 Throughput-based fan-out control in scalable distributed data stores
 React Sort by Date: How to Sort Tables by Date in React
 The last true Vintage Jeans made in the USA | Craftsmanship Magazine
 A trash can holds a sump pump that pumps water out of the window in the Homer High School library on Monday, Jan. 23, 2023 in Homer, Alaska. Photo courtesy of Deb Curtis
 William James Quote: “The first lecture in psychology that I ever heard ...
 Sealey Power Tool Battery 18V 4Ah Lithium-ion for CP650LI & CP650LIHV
::::
What the task requires:
Every line above is to be transcribed exactly, with nothing dropped.

Solution to the exercise:
 Throughput-based fan-out control in scalable distributed data stores
 React Sort by Date: How to Sort Tables by Date in React
 The last true Vintage Jeans made in the USA | Craftsmanship Magazine
 A trash can holds a sump pump that pumps water out of the window in the Homer High School library on Monday, Jan. 23, 2023 in Homer, Alaska. Photo courtesy of Deb Curtis
 William James Quote: “The first lecture in psychology that I ever heard ...
 Sealey Power Tool Battery 18V 4Ah Lithium-ion for CP650LI & CP650LIHV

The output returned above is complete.